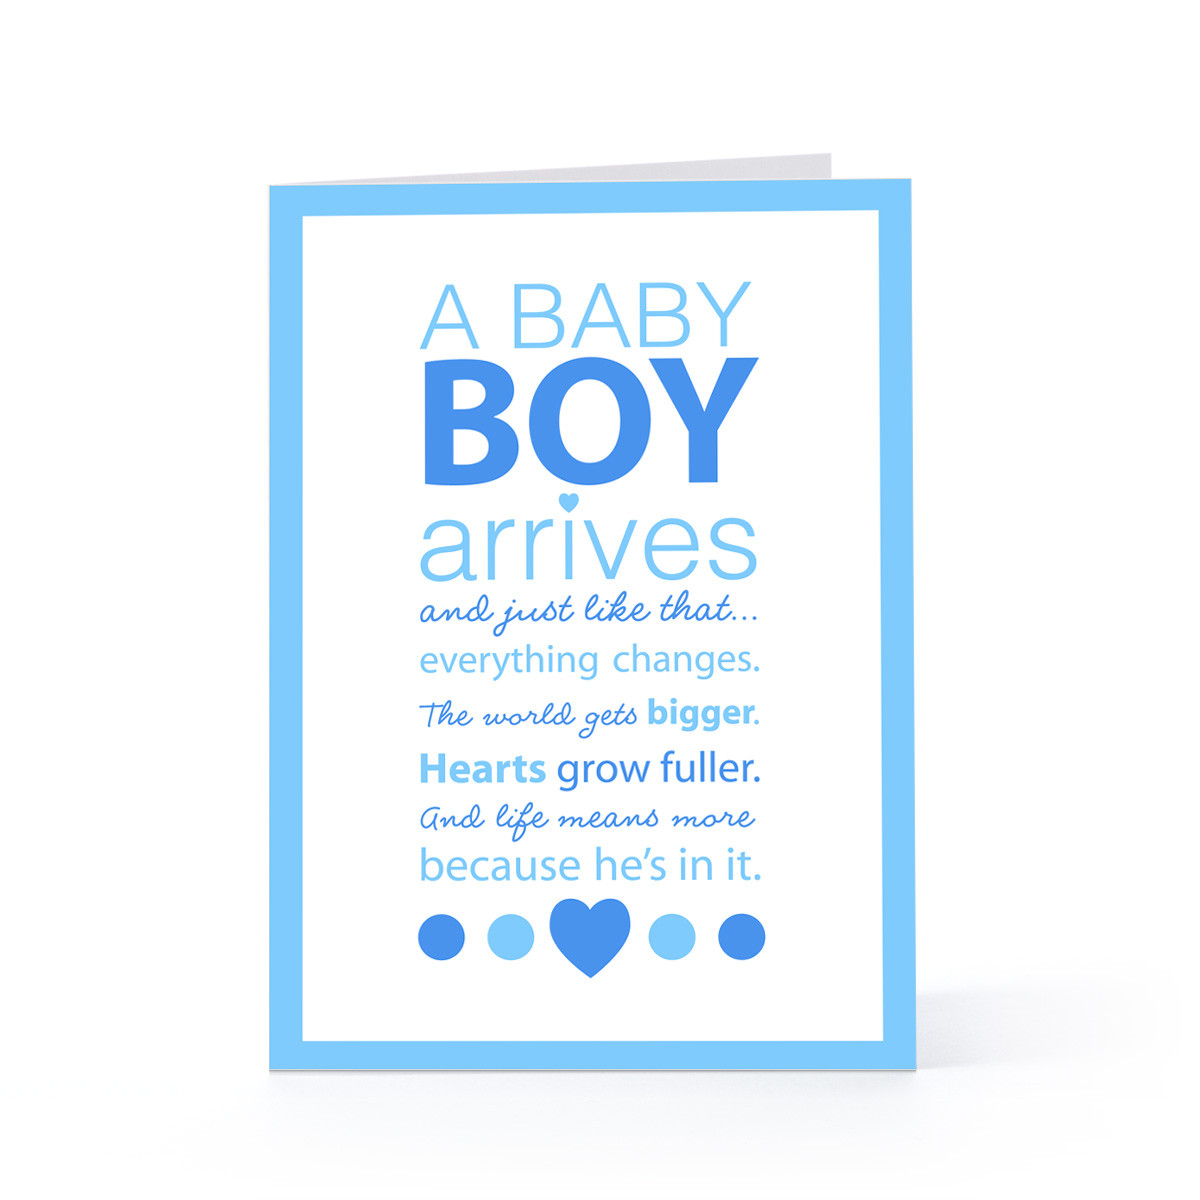 Quotes About Having A Baby Boy
 Wel e Quotes For Baby Boy Newborn QuotesGram
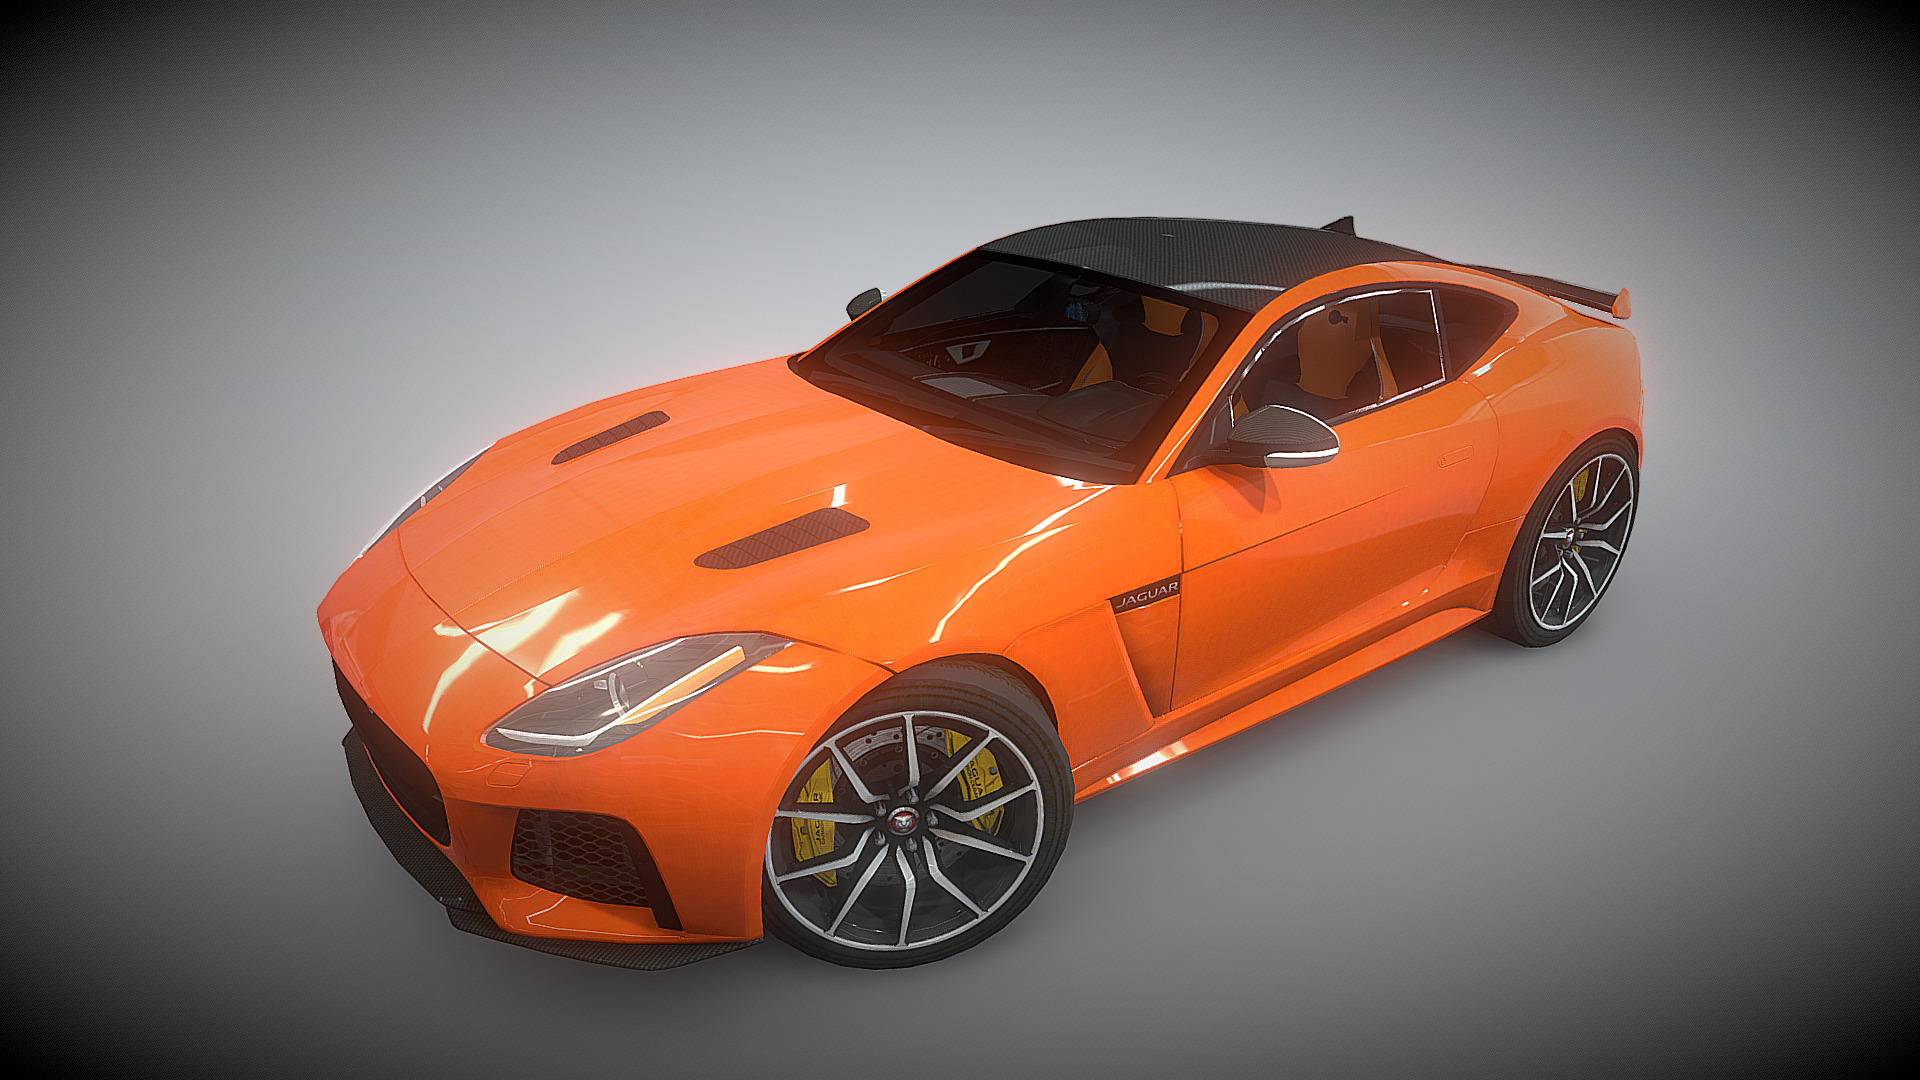 Jaguar F-Type SVR 2016 Edition

The power of reuseable assets/textures

VR Ready&hellip; This model i actually literally gave a shit to complete it
Dont Ask for free downloads, it will never happen! - Jaguar F-Type SVR 2016 Edition - 3D model by OGL (@GaryLim) 3d model
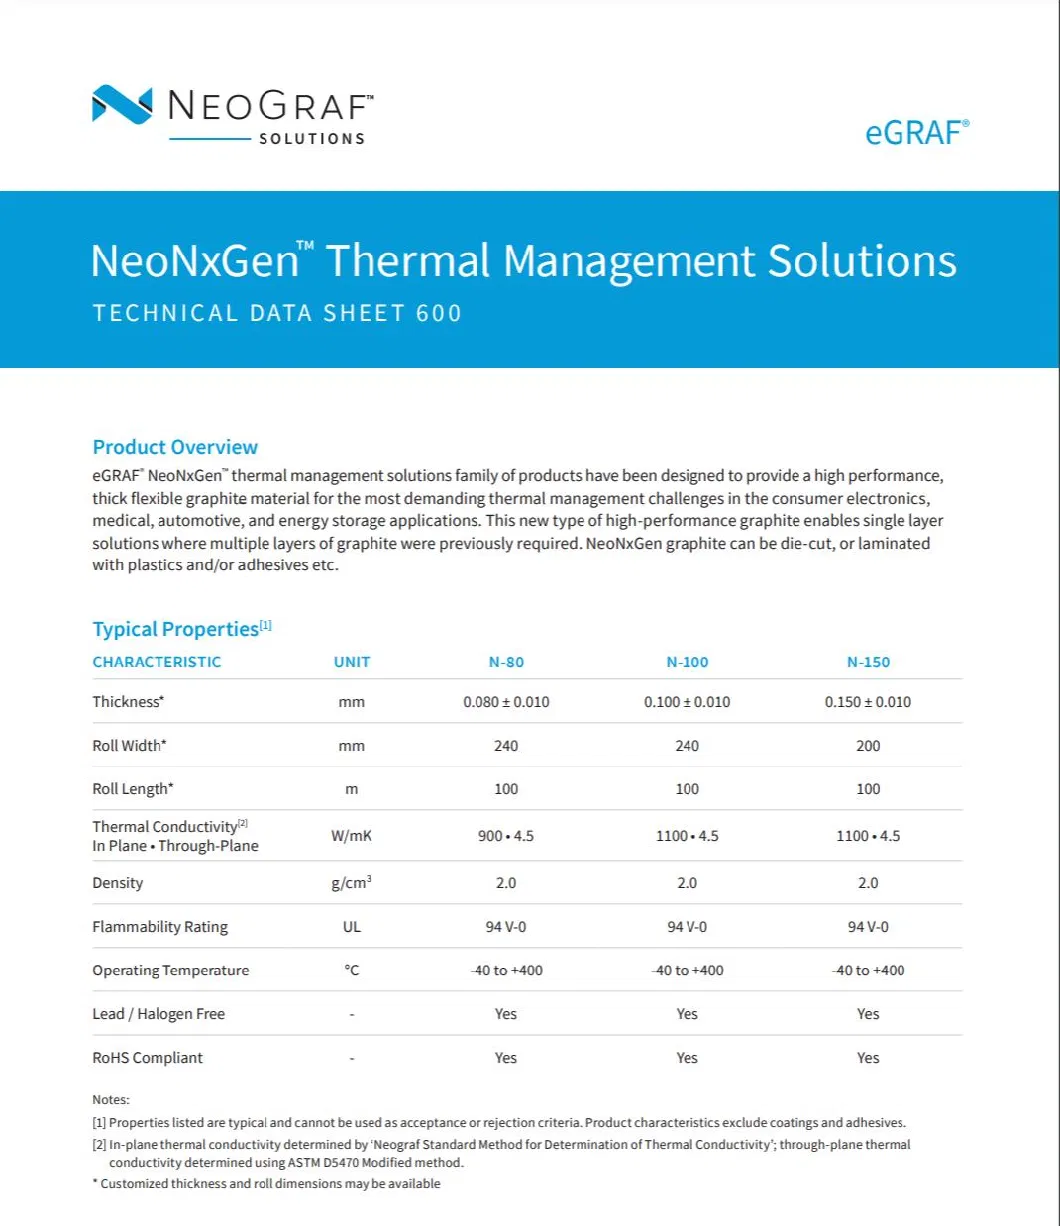 Egraf Neonxgen Thermal Management Solutions N Series Single-Layer Graphite Sheet for The Consumer Electronics Medical Automotive and Energy Storage Applications
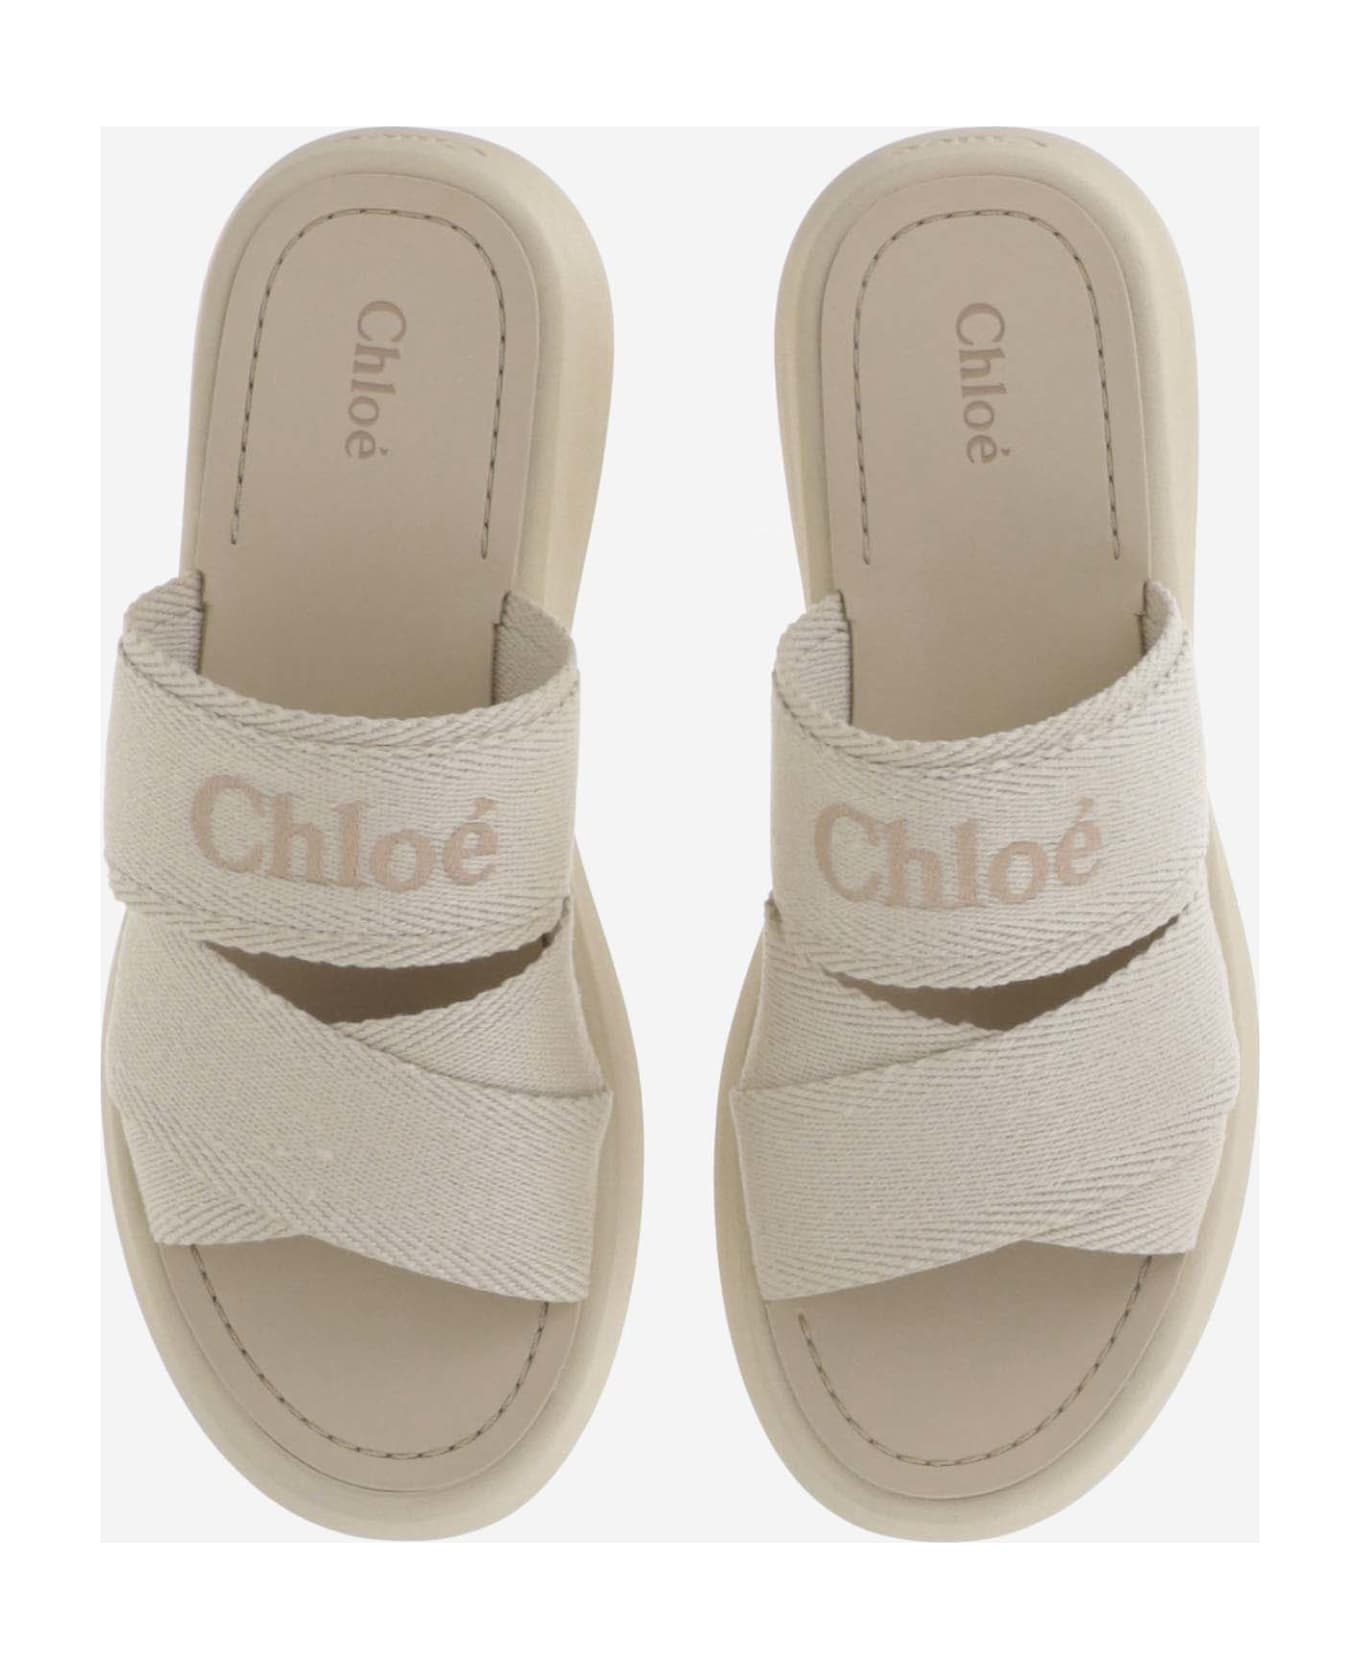 Chloé Canvas Sandals With Logo - Pearl beige
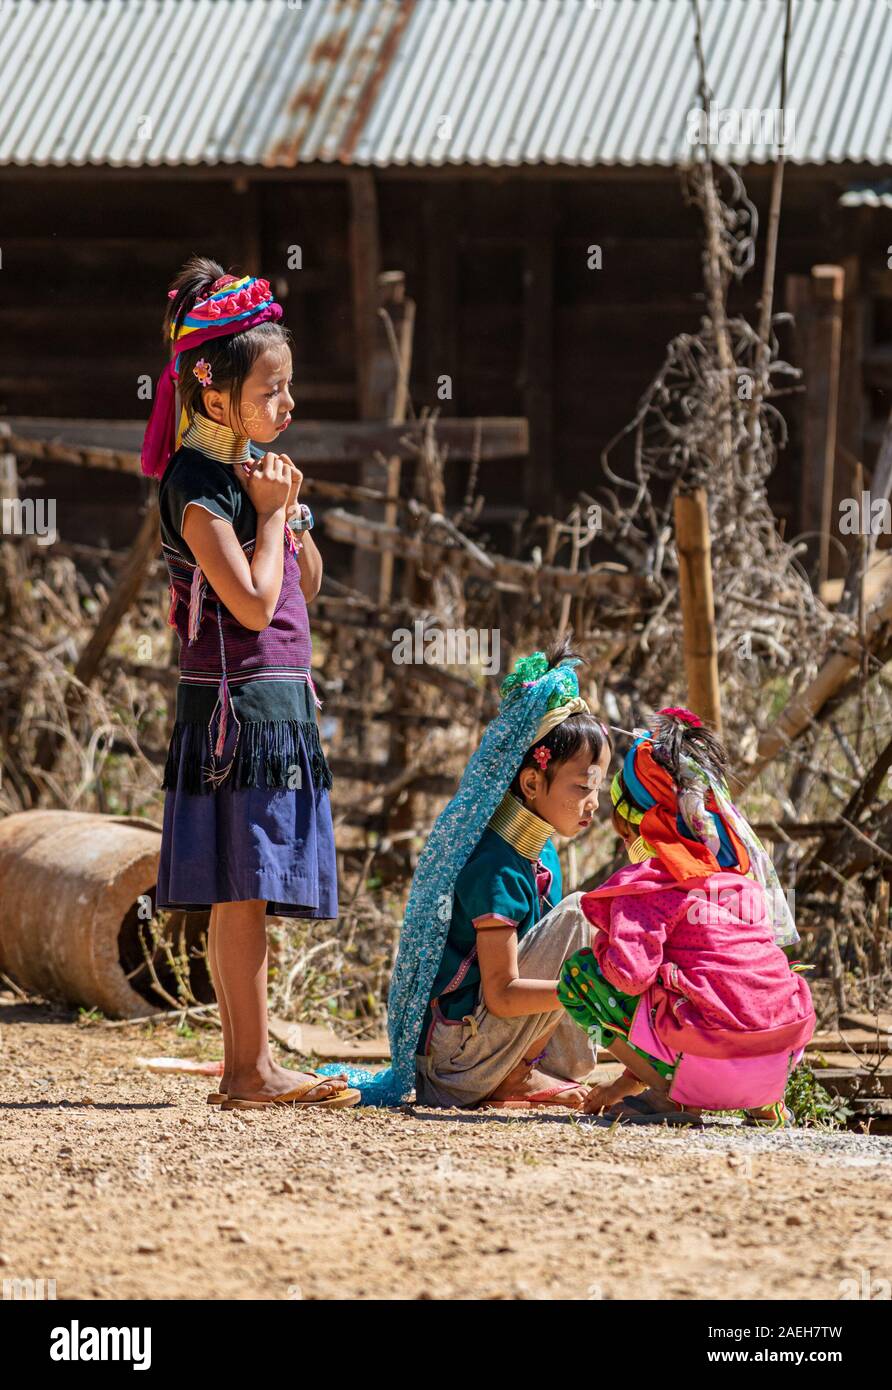 Three young girls from Kayan tribe wearing traditional colorful outfits playing on the road in Pan Pet village. Stock Photo

• [YOUR INSTRUCTIONS]
Please retype, exactly and with the pictures left out, the lines from the line containing "Chloé Canvas Sandals With Logo - Pearl beige" through the last line of the records above.

• [SOLUTION FOR THIS TASK]
 Chloé Canvas Sandals With Logo - Pearl beige
 Three young girls from Kayan tribe wearing traditional colorful outfits playing on the road in Pan Pet village. Stock Photo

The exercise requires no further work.